_WORK ITEM_
Give the data back exactly. Leave out any images.

-- EXERCISE DATA follows --

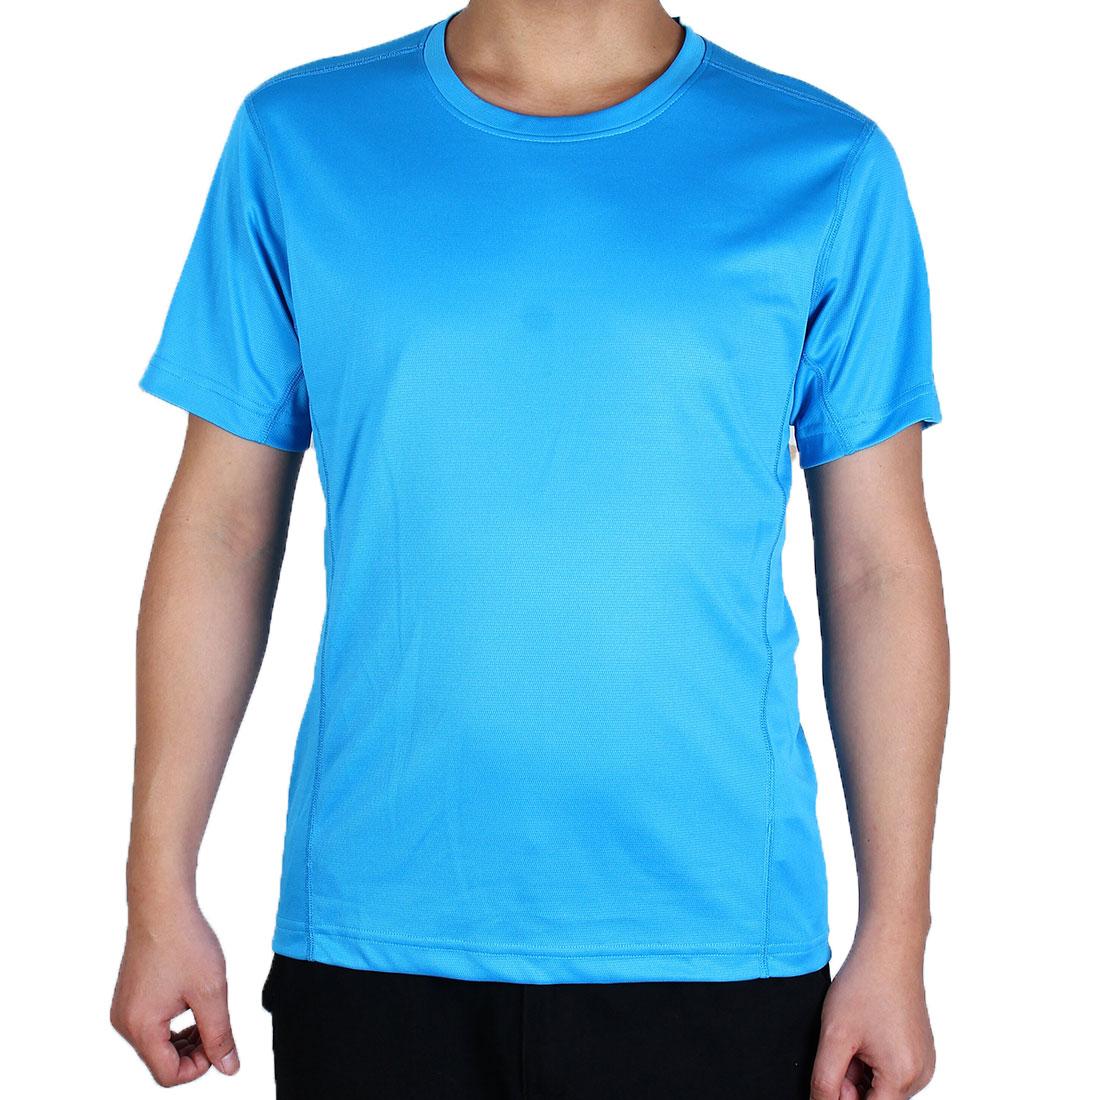 Men Short Sleeve Clothes Casual Wear Tee Cycling Biking Sports T-shirt Blue L
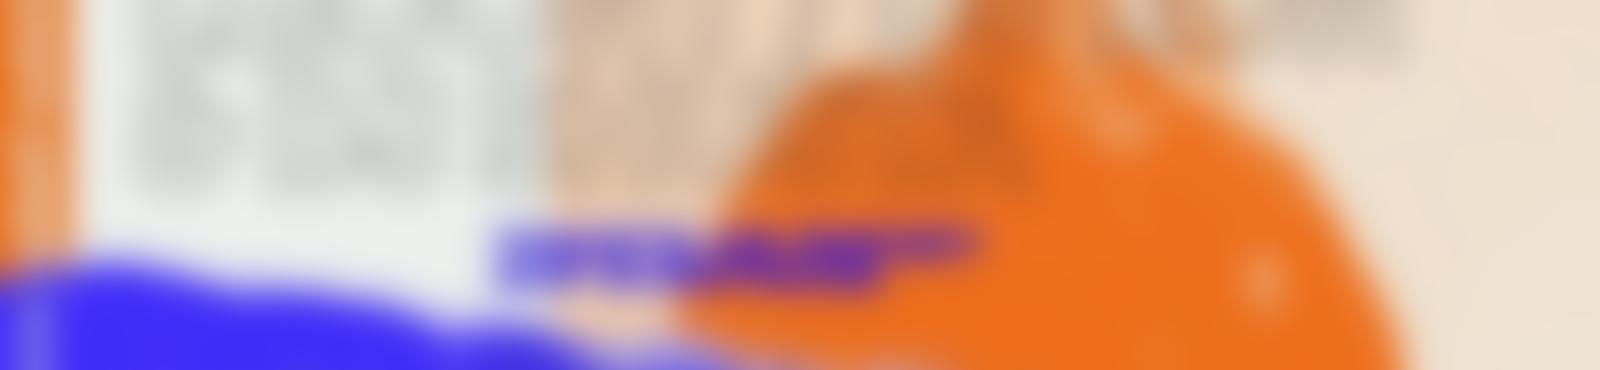 Blurred bc4bcaa0 09cc 4909 91d5 c60af6329f80
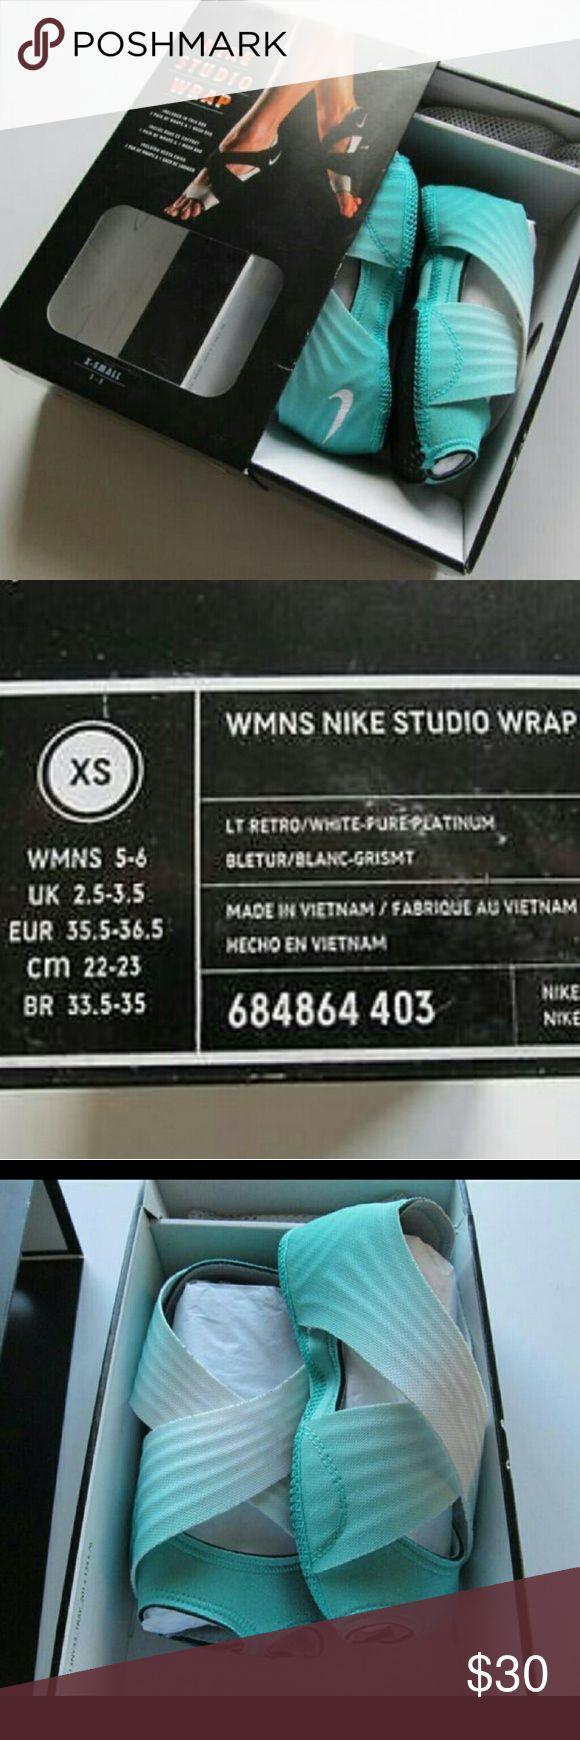 Fitness tools nike studio wraps - Nwt Nike Studio Wrap Dance Yoga Barre Shoe Nwt

-- EXERCISE DATA concluded --

_ANSWER SECTION_
 Men Short Sleeve Clothes Casual Wear Tee Cycling Biking Sports T-shirt Blue L
 Blurred bc4bcaa0 09cc 4909 91d5 c60af6329f80
 Fitness tools nike studio wraps - Nwt Nike Studio Wrap Dance Yoga Barre Shoe Nwt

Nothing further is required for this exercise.